Member of the National Assembly
- In office 18 June 1998 – 5 May 2014

Personal details
- Born: 30 December 1950 Fadd, Tolna County, Hungary
- Died: 4 December 2020 (aged 69)
- Party: Fidesz
- Profession: engineer, politician

= Ferenc Tóth (politician) =

Hungarian politician (1950–2020)

Ferenc Tóth (/hu/; 30 December 1950 – 4 December 2020) was a Hungarian engineer and politician.

He was a member of the National Assembly (MP) for Paks (Tolna County Constituency II) between 1998 and 2014.

==Early life and career==
Ferenc Tóth was born in Fadd, Hungary, on 30 December 1950, and graduated from Földvári Mihály General Secondary School in Tolna in 1969. He graduated as a maintenance engineer from the College Faculty of the Technical University for Heavy Industry of Dunaújváros in 1974. Tóth qualified as a secondary school teacher in Dunaújváros in 1976 and conducted academic studies as a specialist economist at the University of Pécs until 1993.

Tóth worked as a maintenance engineer for the Lenin Agricultural Co-operative in Fadd from 1974, then from 1981 as a teacher in the children's home in Fadd. He was a physicist of the radiation protection department of the Tolna County Public Health and Sanitation Station from 1988 to 1990. Tóth was an individual entrepreneur from 1994 to 1995, and became director of sales of Mészkő és Dolomit Rt. (Limestone & Dolomite Co. Ltd.) in 1996. He was acting managing director of the Tolna County Enterprise Promotion Fund from February 1999. Tóth pursued handball competitively for several years and was a member of the Hungarian Olympic Committee (MOB) from 1998 to 2001.

==Political career==
Tóth ran as an independent candidate in the 1990 local elections and was elected mayor of his birthplace, serving for four years. He secured a seat in Parliament in the 1998 parliamentary election running as a non-party candidate supported by Fidesz, representing Paks (Constituency II, Tolna County). He was elected a local representative of Fadd again in the 1998 local elections running as an independent candidate.

In the national election on 21 April 2002, Tóth retained his seat in Parliament running as an individual candidate. From the middle of May 2002, he continued his work as a member of the Education and Science Committee. In the local elections held in 2002, Tóth was elected a local representative. He was elected president of the local branch of Fidesz in 2003. In the parliamentary election held in 2006 and 2010, he was elected MP for Paks again. He became a member of the Committee on Education and Science on 30 May 2006 and was appointed Director of Government Office of Tolna County on 1 January 2011. He served in this capacity until 30 June 2014, when he was replaced by Kálmán Horváth.
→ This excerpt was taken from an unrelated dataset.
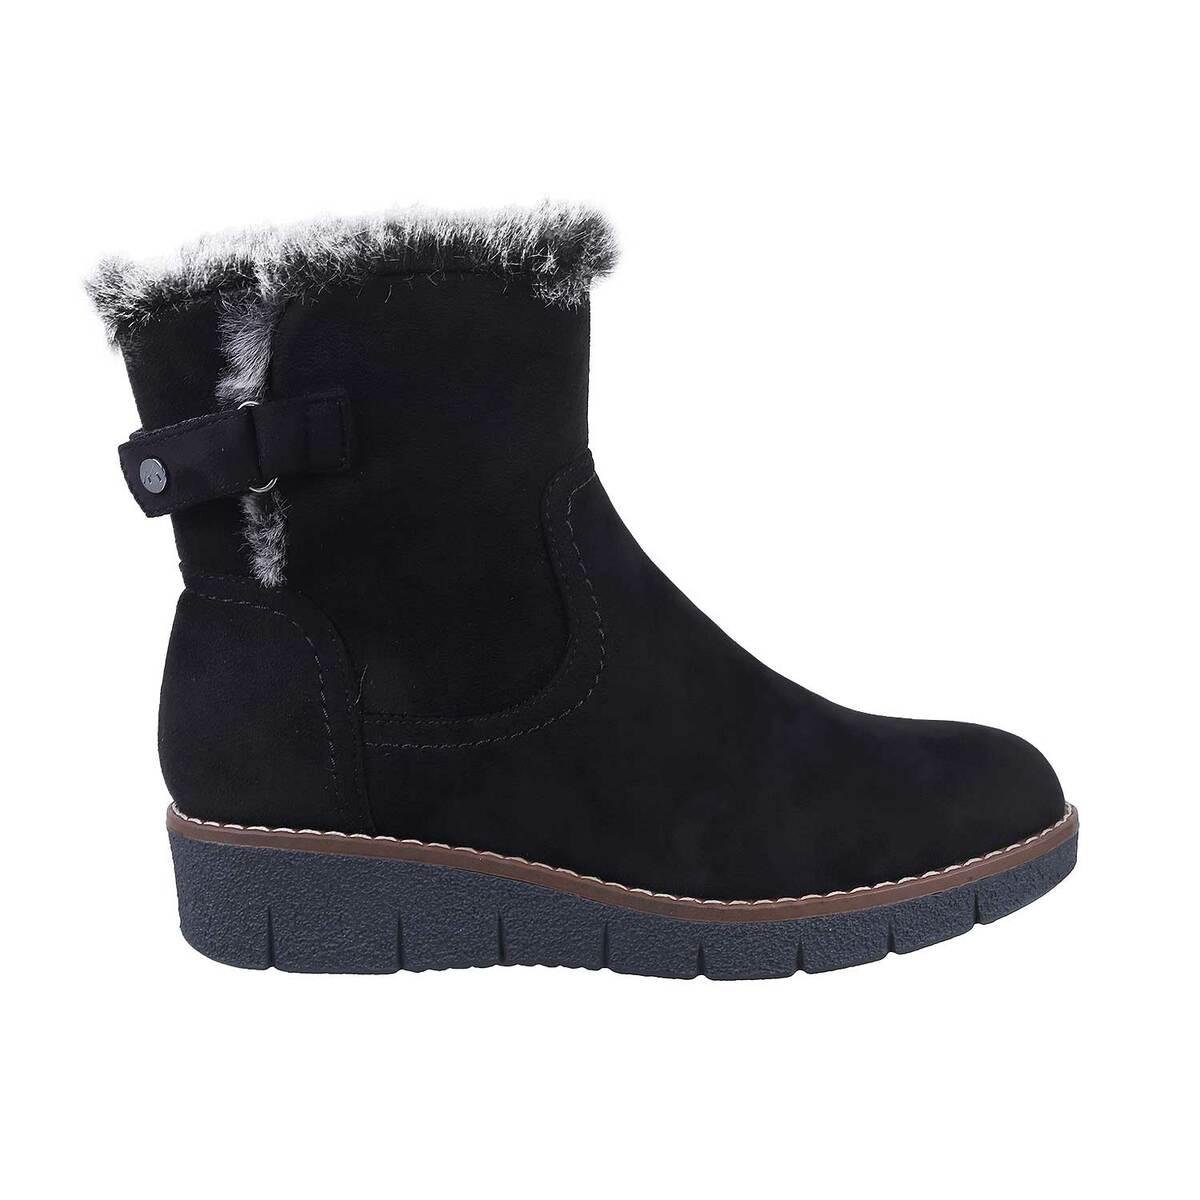 Buy Women Black Party Boots Online | SKU: 31-9476-11-36-Metro Shoes

==Personal life and death==
Ferenc Tóth was married to Erzsébet Deák, a high school teacher with a degree in chemistry and physics. They had two children, Ferenc who is a veterinarian and András, who is a humanist. Ferenc Tóth Sr. was awarded the officer's cross of the Hungarian Order of Merit in 2019. In retirement he intended to read Russian classic literature and continue his hobbies in sport and music.

He died from COVID-19 on 4 December 2020, during the COVID-19 pandemic in Hungary, twenty six days short from his 70th birthday.